### TASK DETAILS:
When the line containing "Signing 3 year" appears in the entries below, begin printing there and stop after the line containing "Six skincare steps in one product"; print each of those lines exactly and no other line.

### PROVIDED DATA:

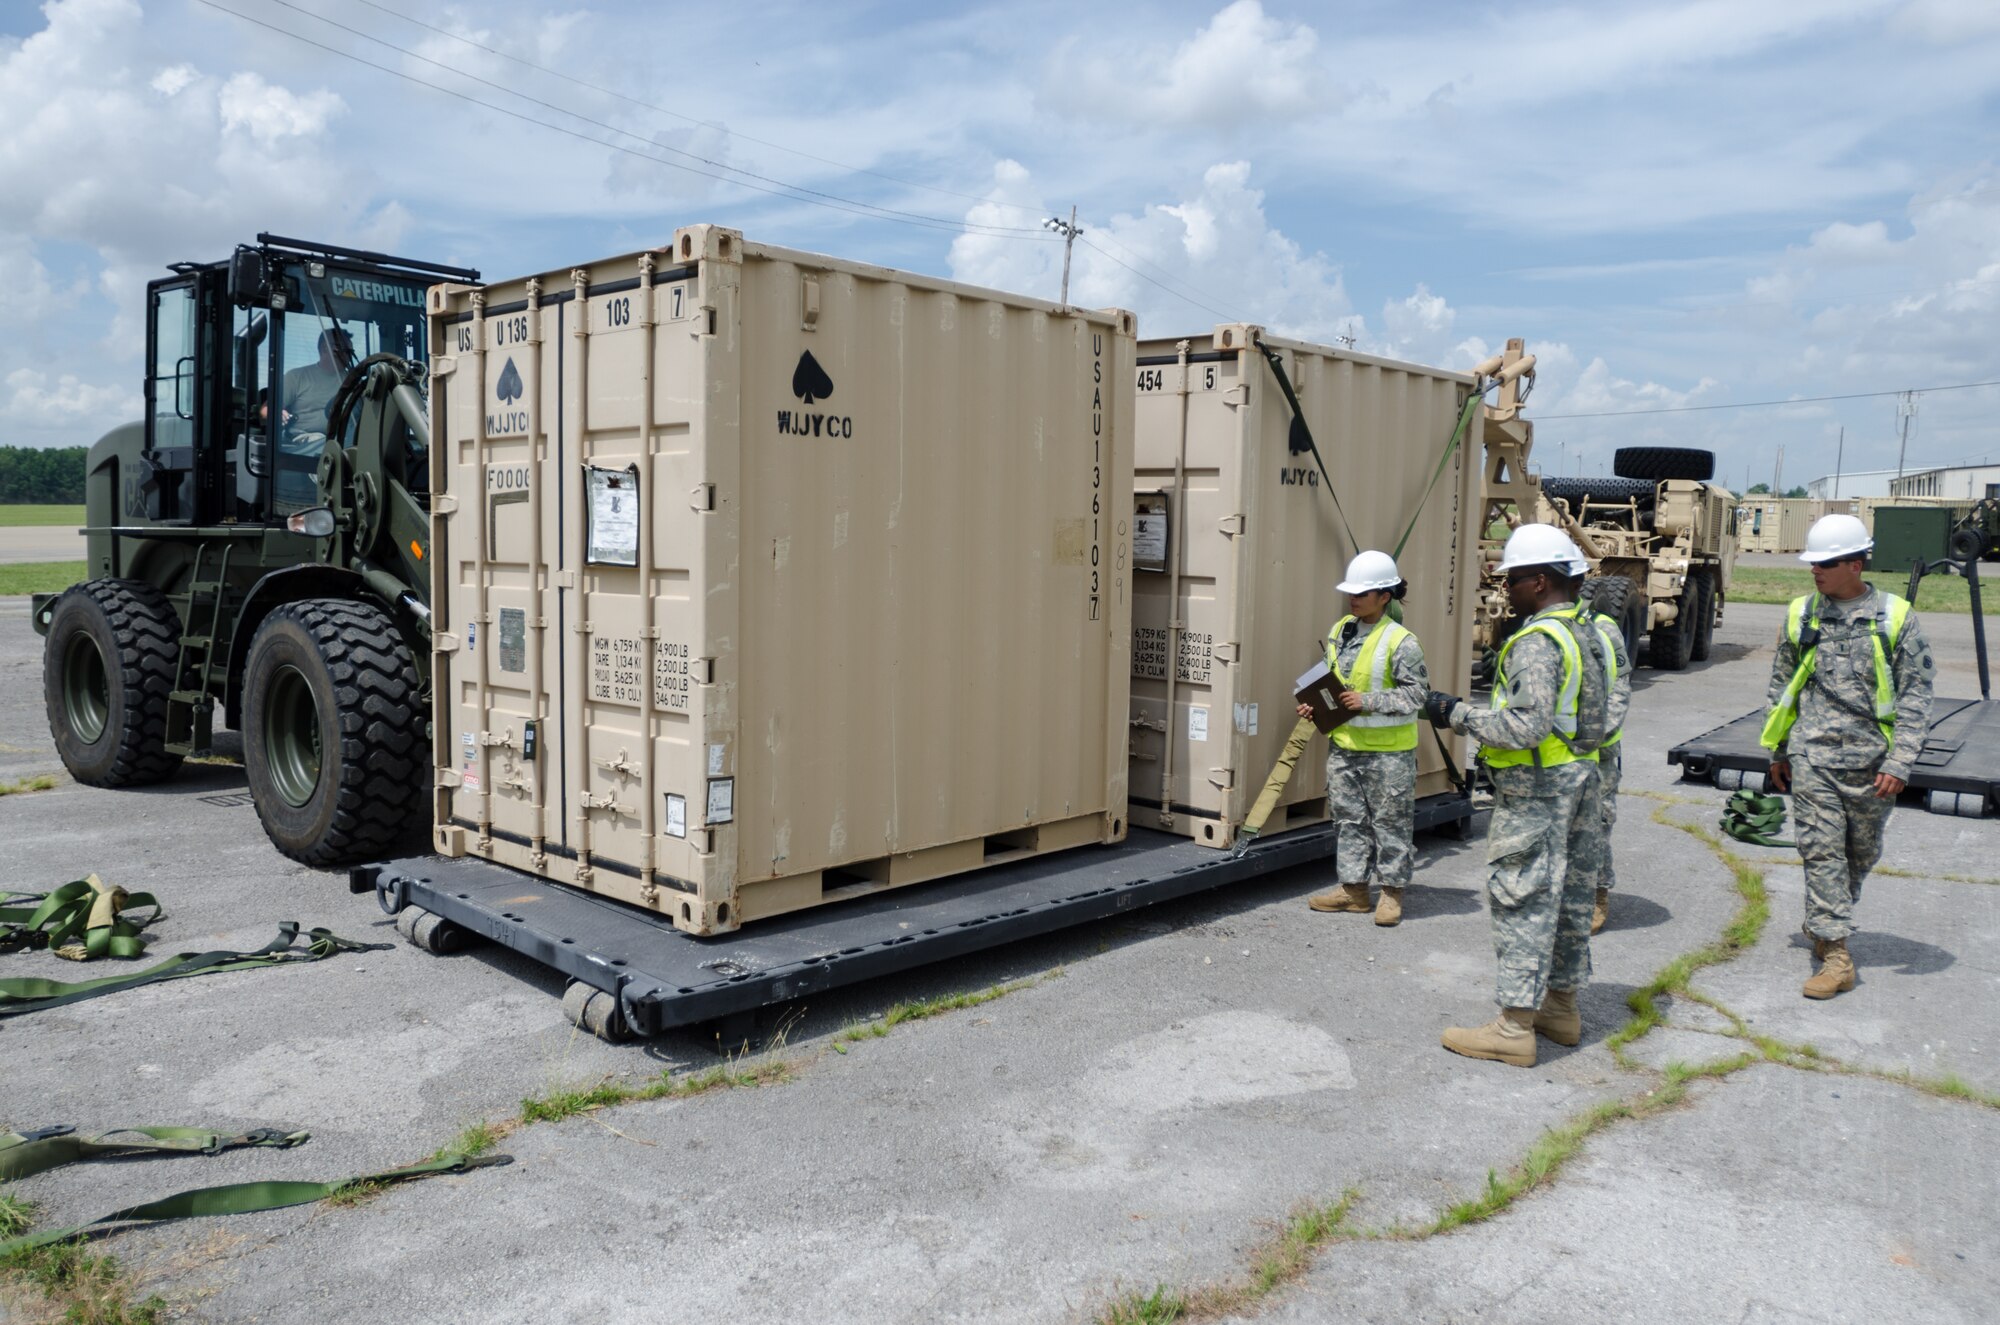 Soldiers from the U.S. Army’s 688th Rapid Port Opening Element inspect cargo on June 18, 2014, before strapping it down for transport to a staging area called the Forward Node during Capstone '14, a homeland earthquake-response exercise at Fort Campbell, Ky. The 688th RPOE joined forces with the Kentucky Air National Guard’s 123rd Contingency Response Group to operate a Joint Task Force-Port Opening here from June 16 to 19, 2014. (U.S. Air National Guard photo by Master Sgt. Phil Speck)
--
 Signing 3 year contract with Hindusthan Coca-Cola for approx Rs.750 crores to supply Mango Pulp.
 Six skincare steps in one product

### TASK RESPONSE:
 Signing 3 year contract with Hindusthan Coca-Cola for approx Rs.750 crores to supply Mango Pulp.
 Six skincare steps in one product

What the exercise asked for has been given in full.